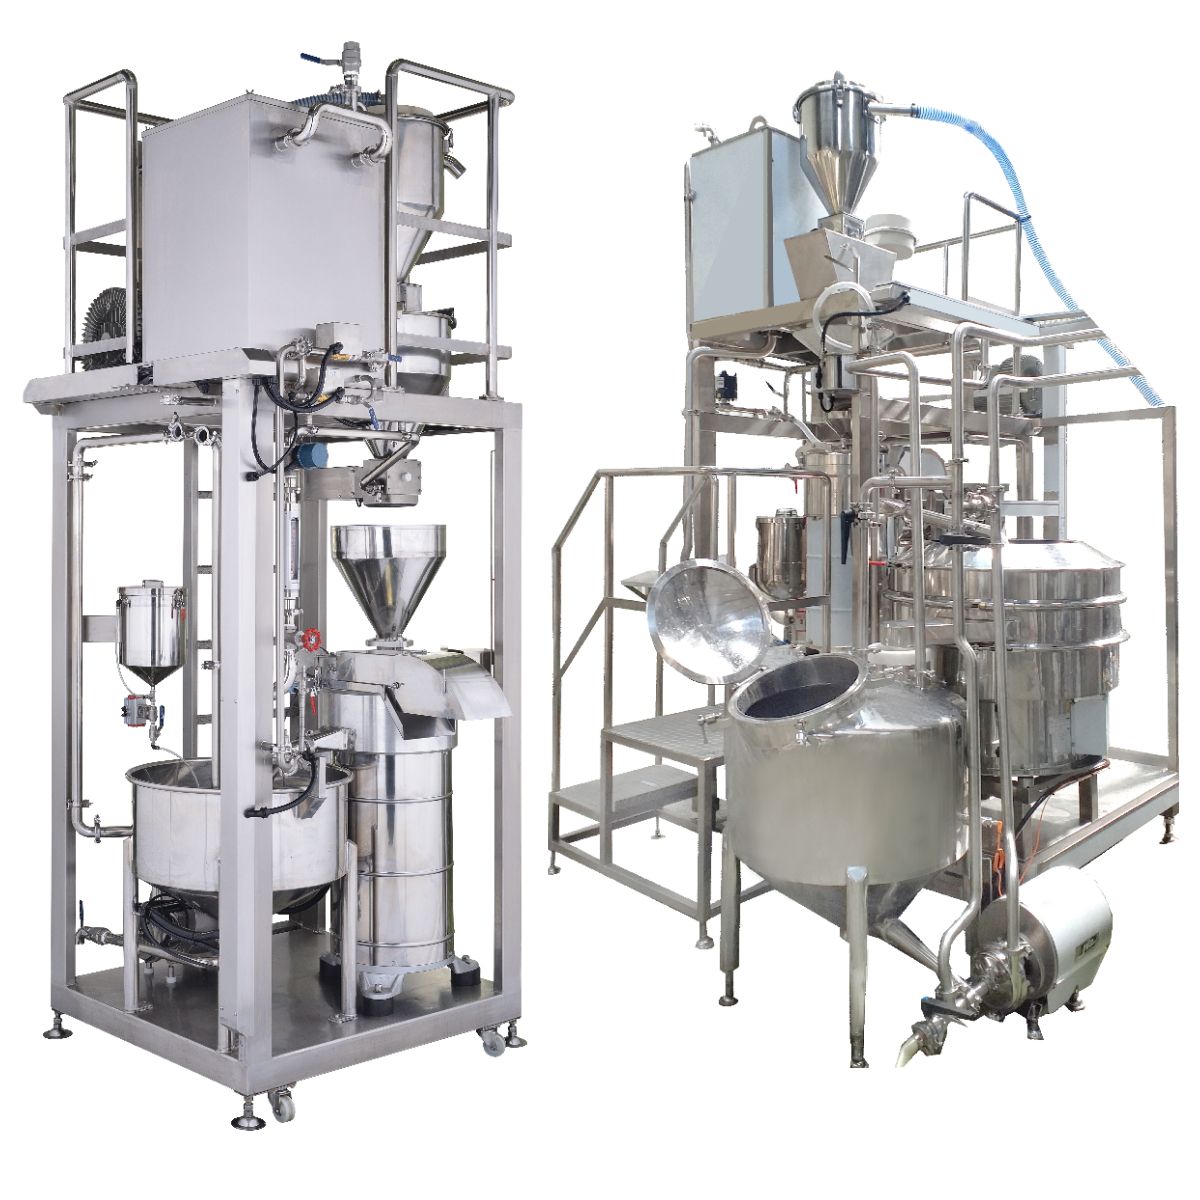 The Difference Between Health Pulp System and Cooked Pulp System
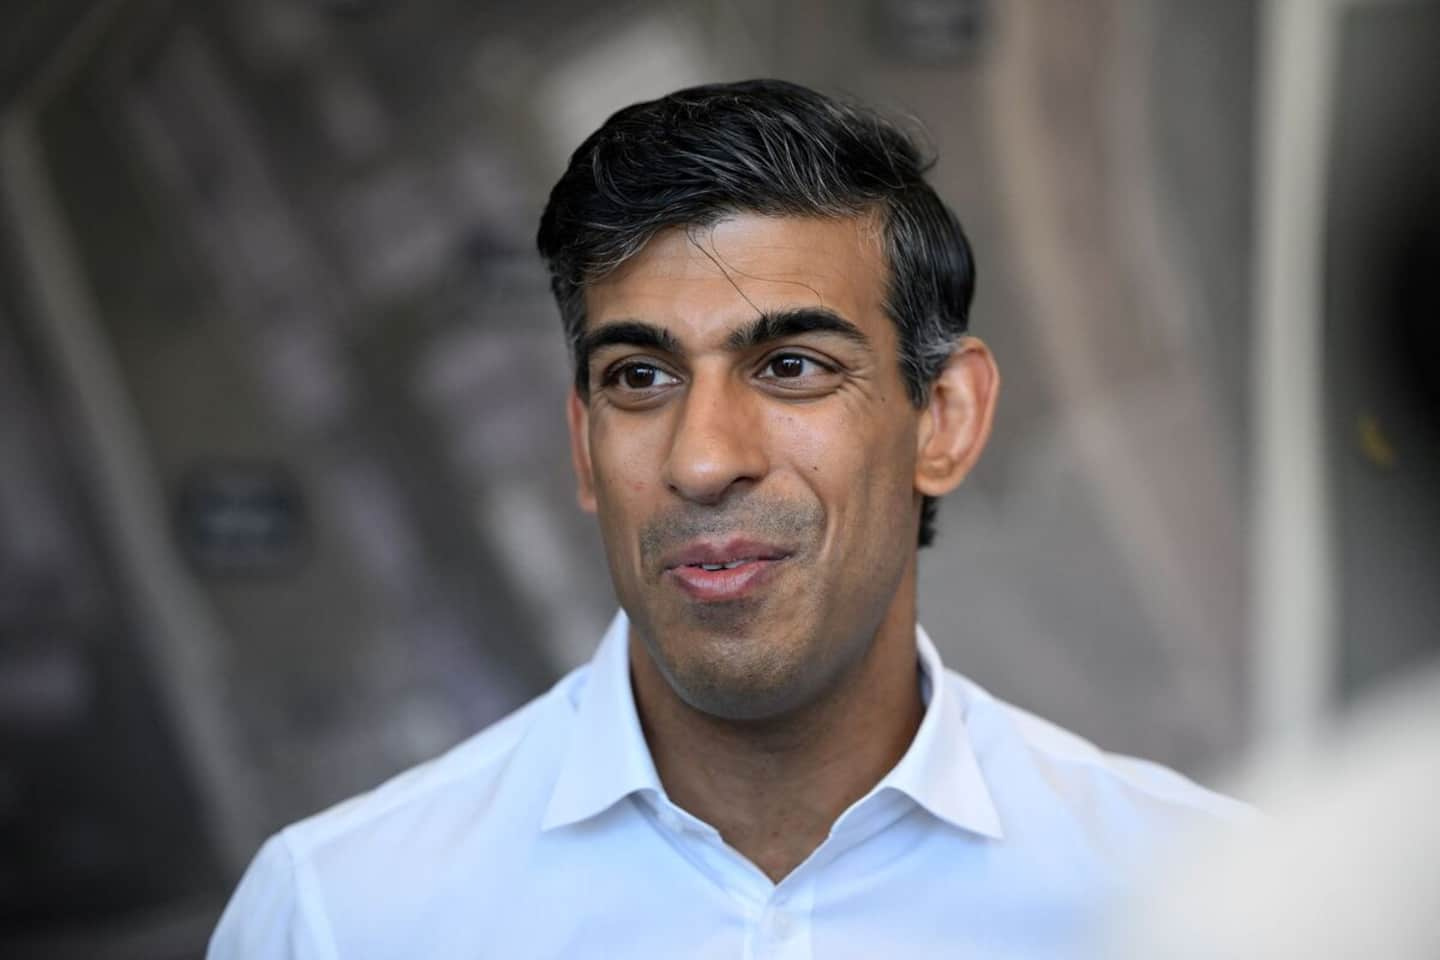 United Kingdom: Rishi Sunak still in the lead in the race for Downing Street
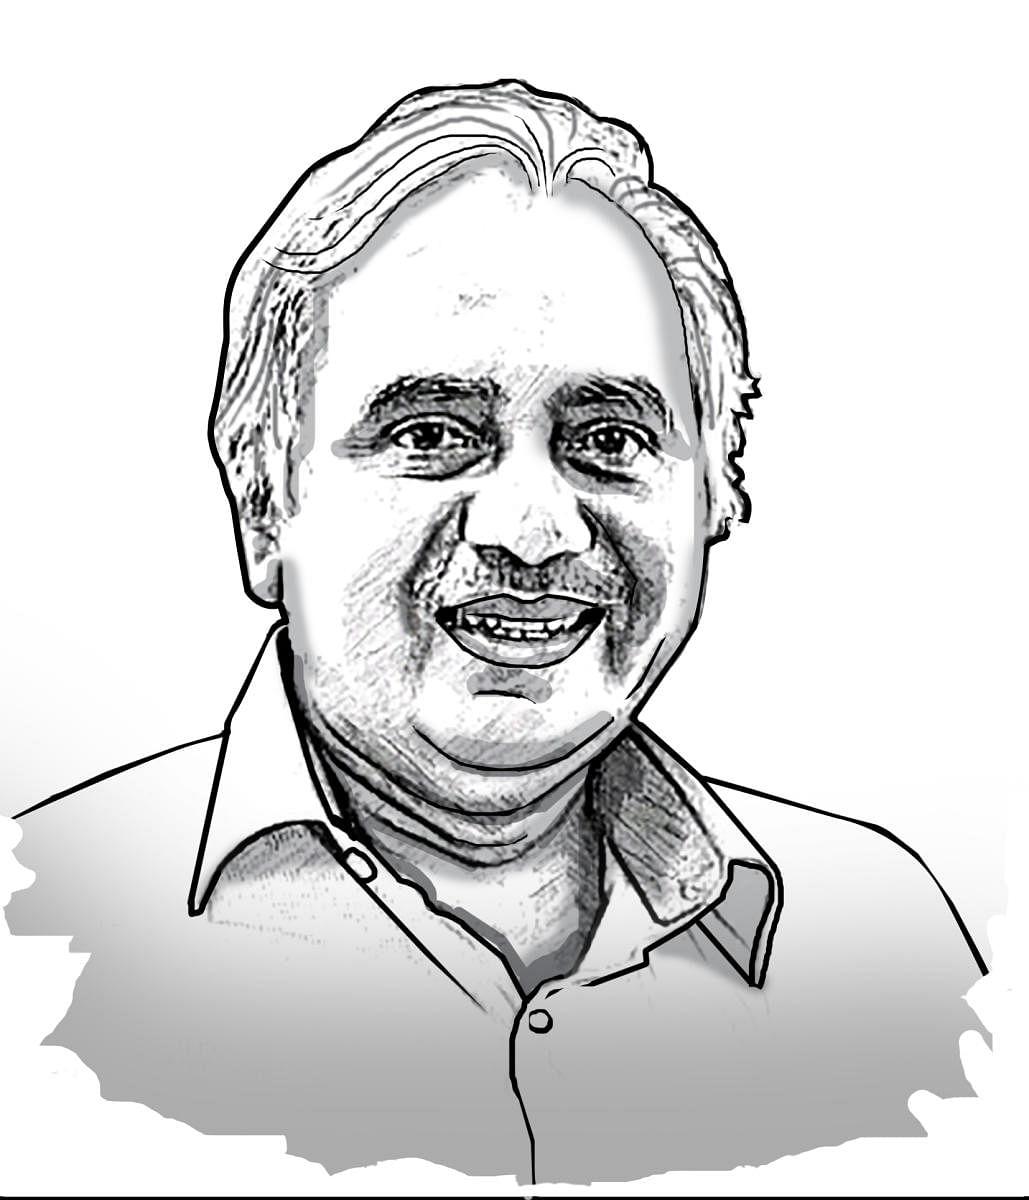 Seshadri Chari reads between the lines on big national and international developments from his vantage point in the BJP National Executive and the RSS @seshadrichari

------------------------------------------------------------

» **YOUR OBJECTIVE**: When you return the listing, keep it exact and omit any pictures it holds.

» **EXPECTED ANSWER**:
 The Difference Between Health Pulp System and Cooked Pulp System
 United Kingdom: Rishi Sunak still in the lead in the race for Downing Street
 Seshadri Chari reads between the lines on big national and international developments from his vantage point in the BJP National Executive and the RSS @seshadrichari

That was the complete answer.